■ Instructions for the task ■
In the material below, find the line with "Drawn warrior zhou" and the line with "FOTO M. LIOTTA", then output both and every line between them exactly, omitting pictures.
+++ Data provided +++
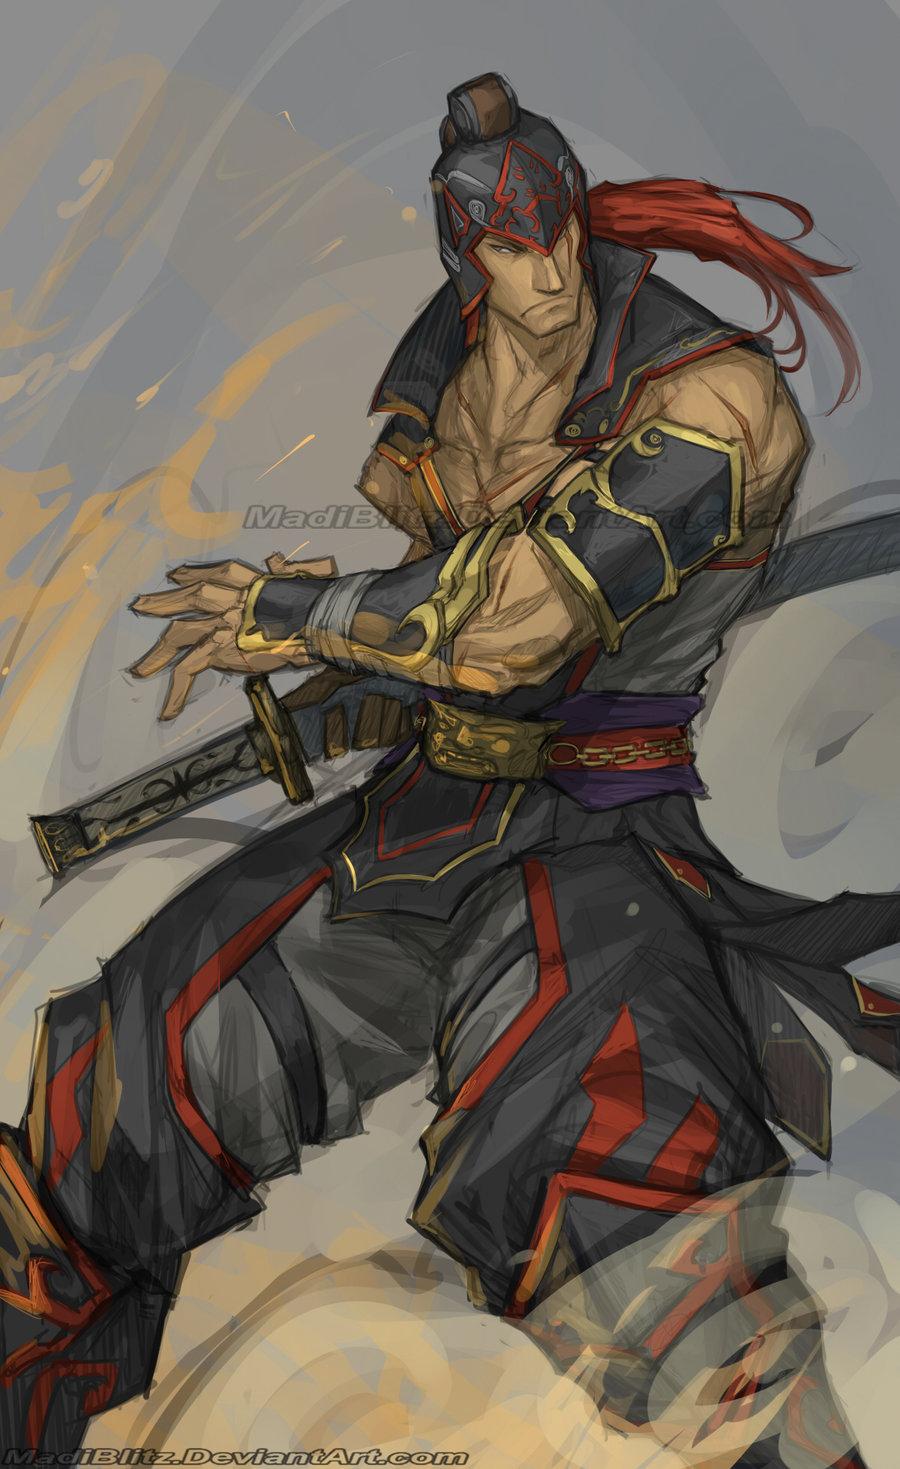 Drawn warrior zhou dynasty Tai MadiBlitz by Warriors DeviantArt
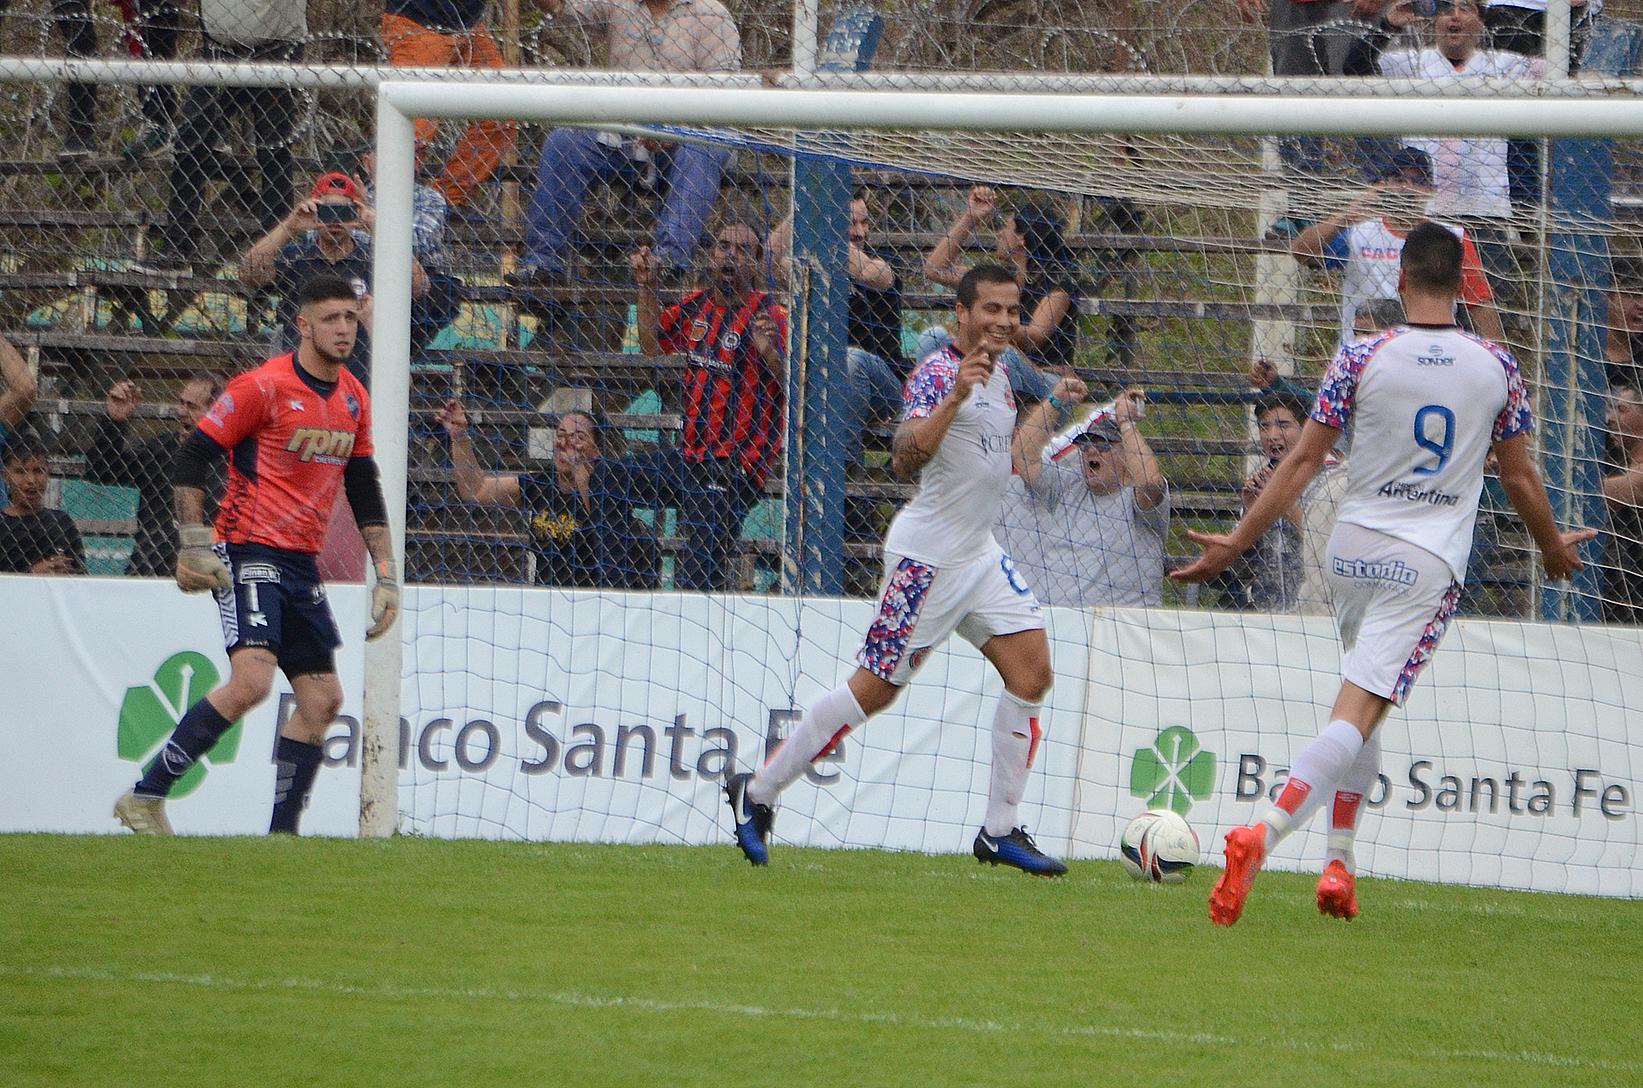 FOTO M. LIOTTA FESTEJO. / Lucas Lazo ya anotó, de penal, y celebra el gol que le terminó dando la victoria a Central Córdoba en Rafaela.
+++
+++ Data provided +++
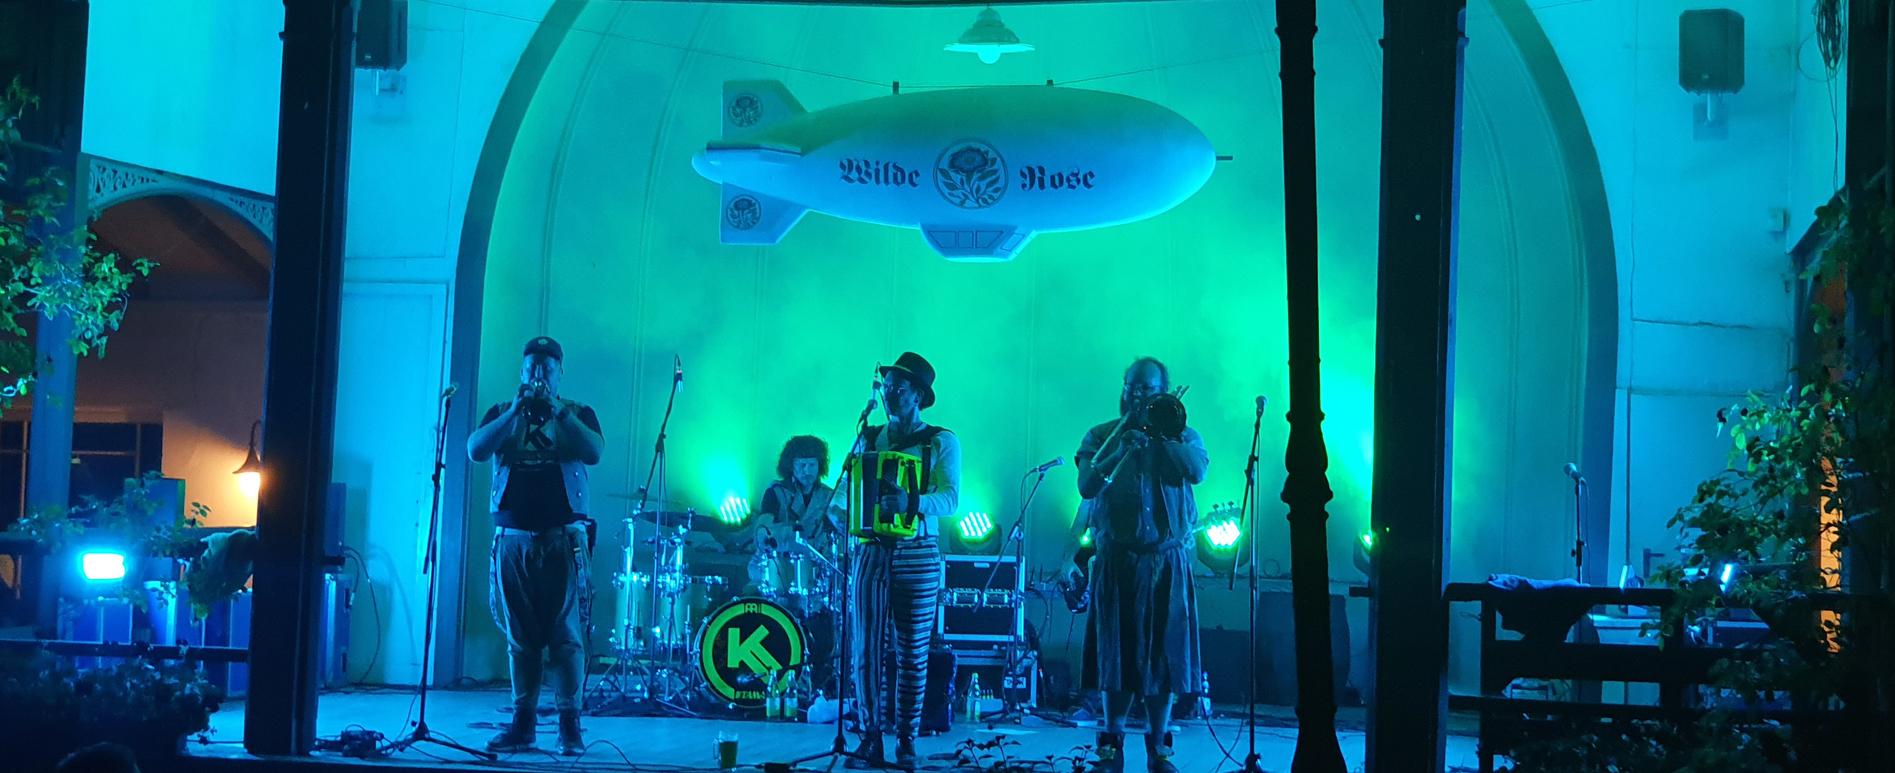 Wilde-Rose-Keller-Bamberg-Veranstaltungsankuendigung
+++
+++ Data provided +++
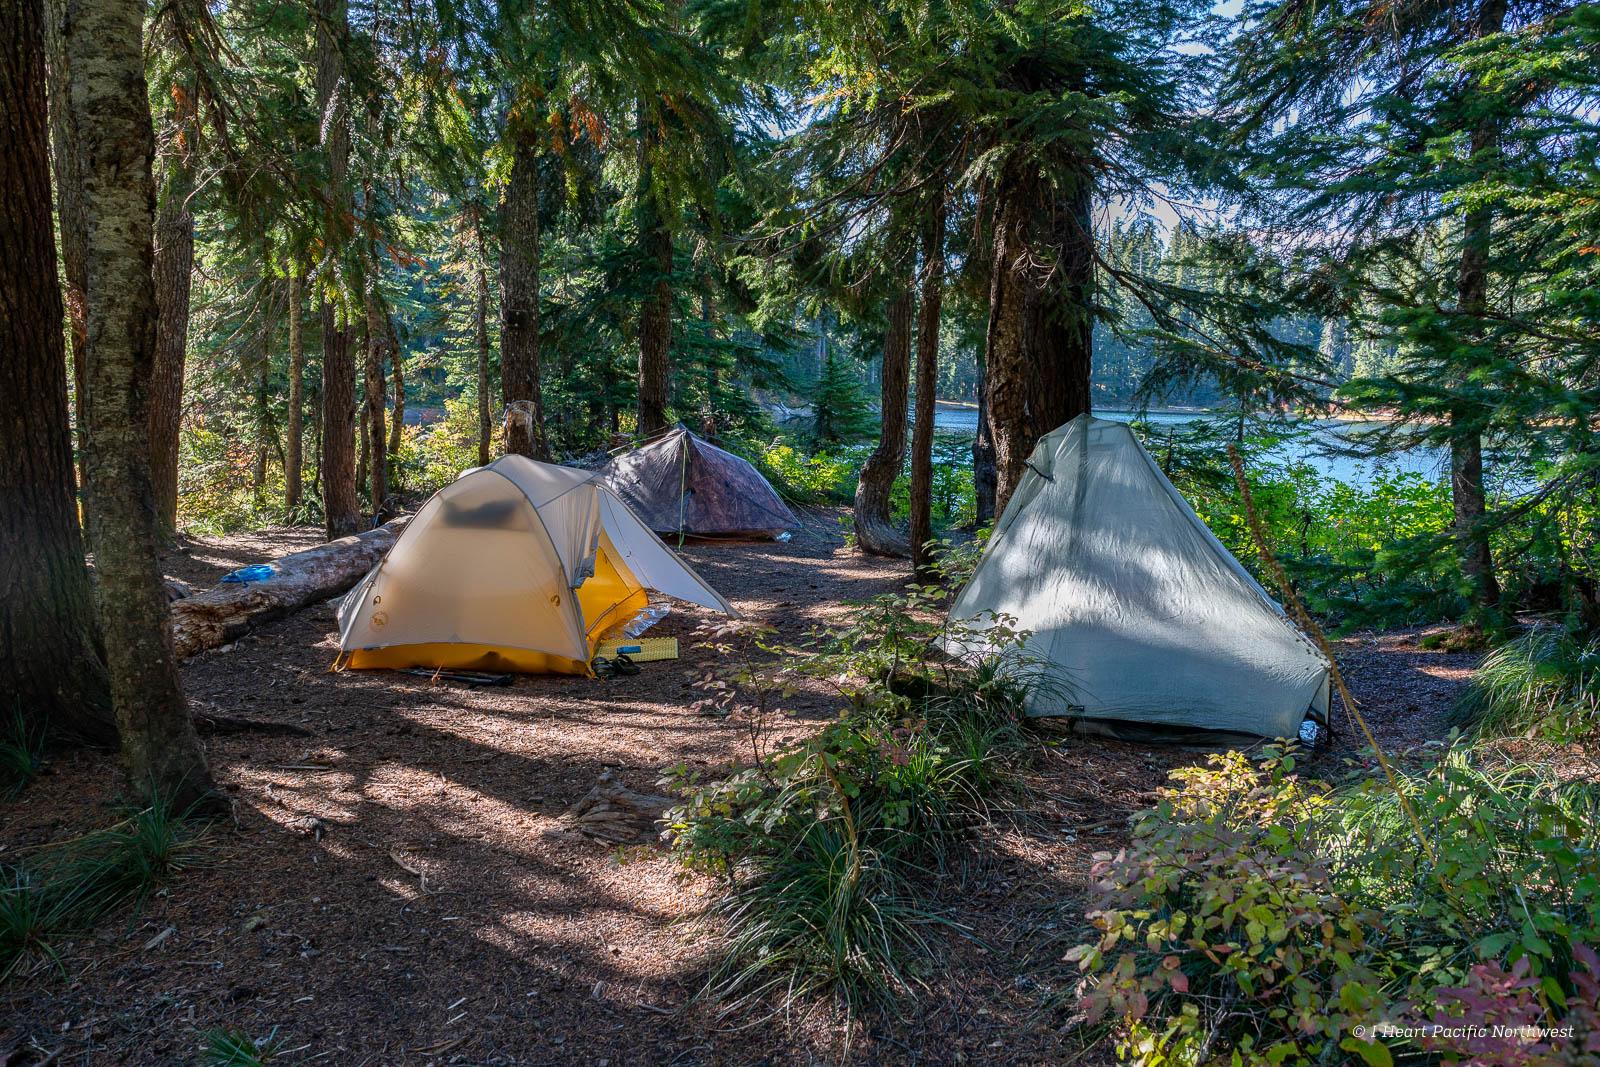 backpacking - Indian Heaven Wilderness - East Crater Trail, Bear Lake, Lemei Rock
+++
■ Answer for the task ■
 Drawn warrior zhou dynasty Tai MadiBlitz by Warriors DeviantArt
 FOTO M. LIOTTA FESTEJO. / Lucas Lazo ya anotó, de penal, y celebra el gol que le terminó dando la victoria a Central Córdoba en Rafaela.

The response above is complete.